This project contains code to generate the core data for studying user modeling.
See Scalably Extracting Latent Representations of Users for more details.
Note that the datasets for Llama3.1-8B-Instruct and Llama3.1-70B-Instruct are already on HuggingFace (see the collection). The commands below can reproduce them, but are primarily for if you want to run belief evaluation for new models.
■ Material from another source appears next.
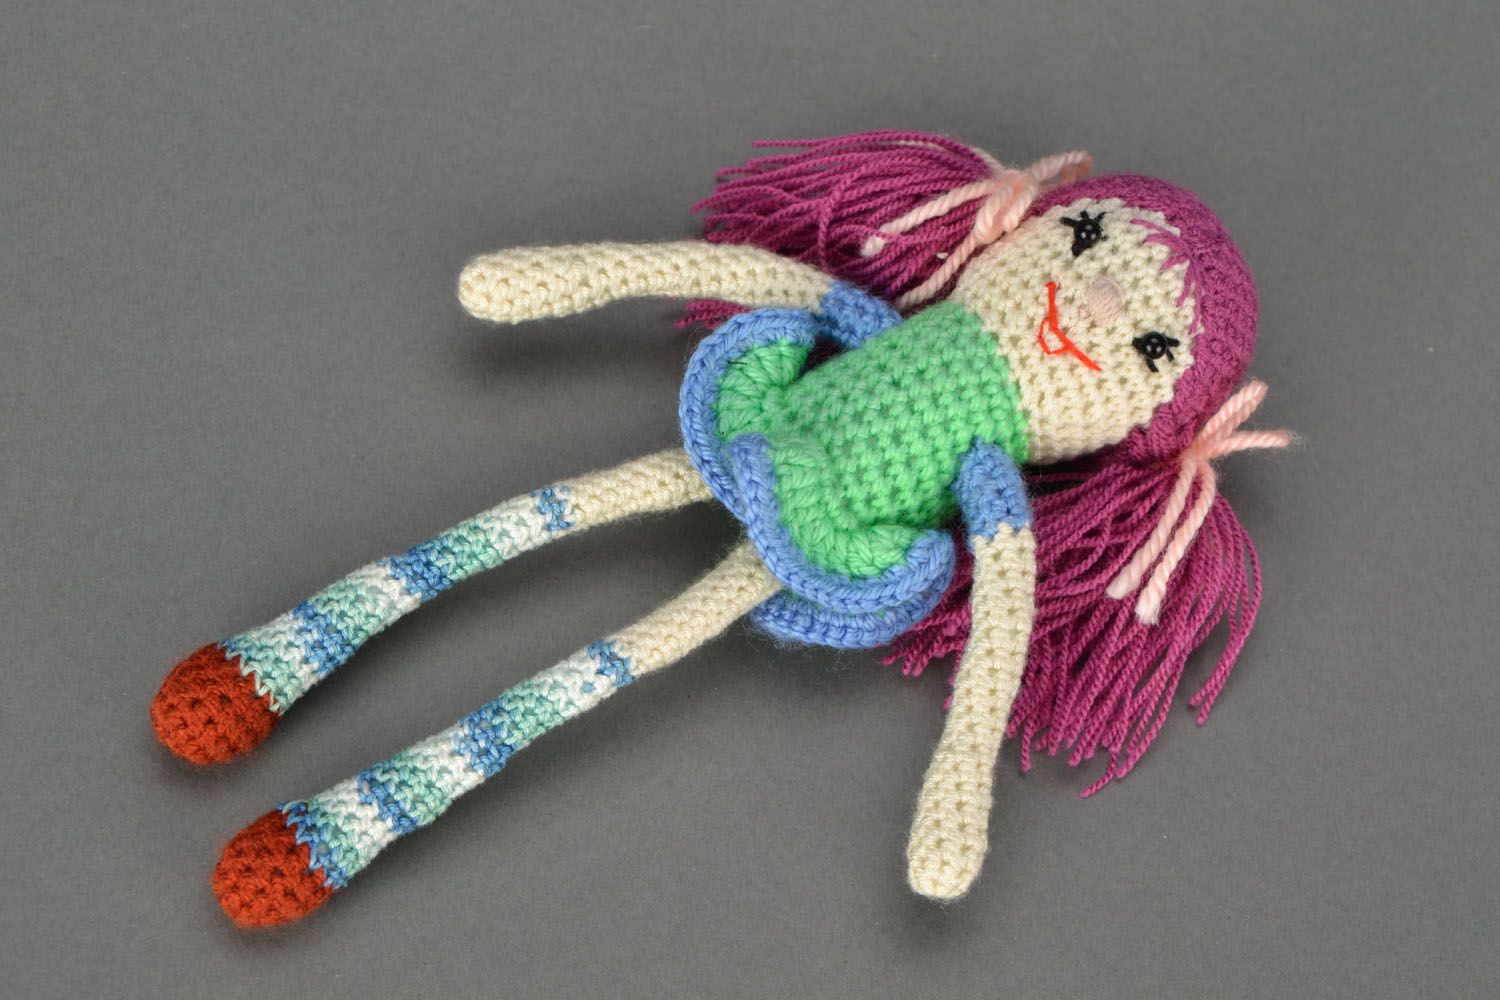 Crochet doll photo 2

Follow the instructions in the Installation section of the README in the root of the repo. Then install and activate the user_modeling environment by running
luce install user_modeling
luce activate user_modelingThis will cd to the user_modeling project folder project/user_modeling, which is where all scripts should be executed from.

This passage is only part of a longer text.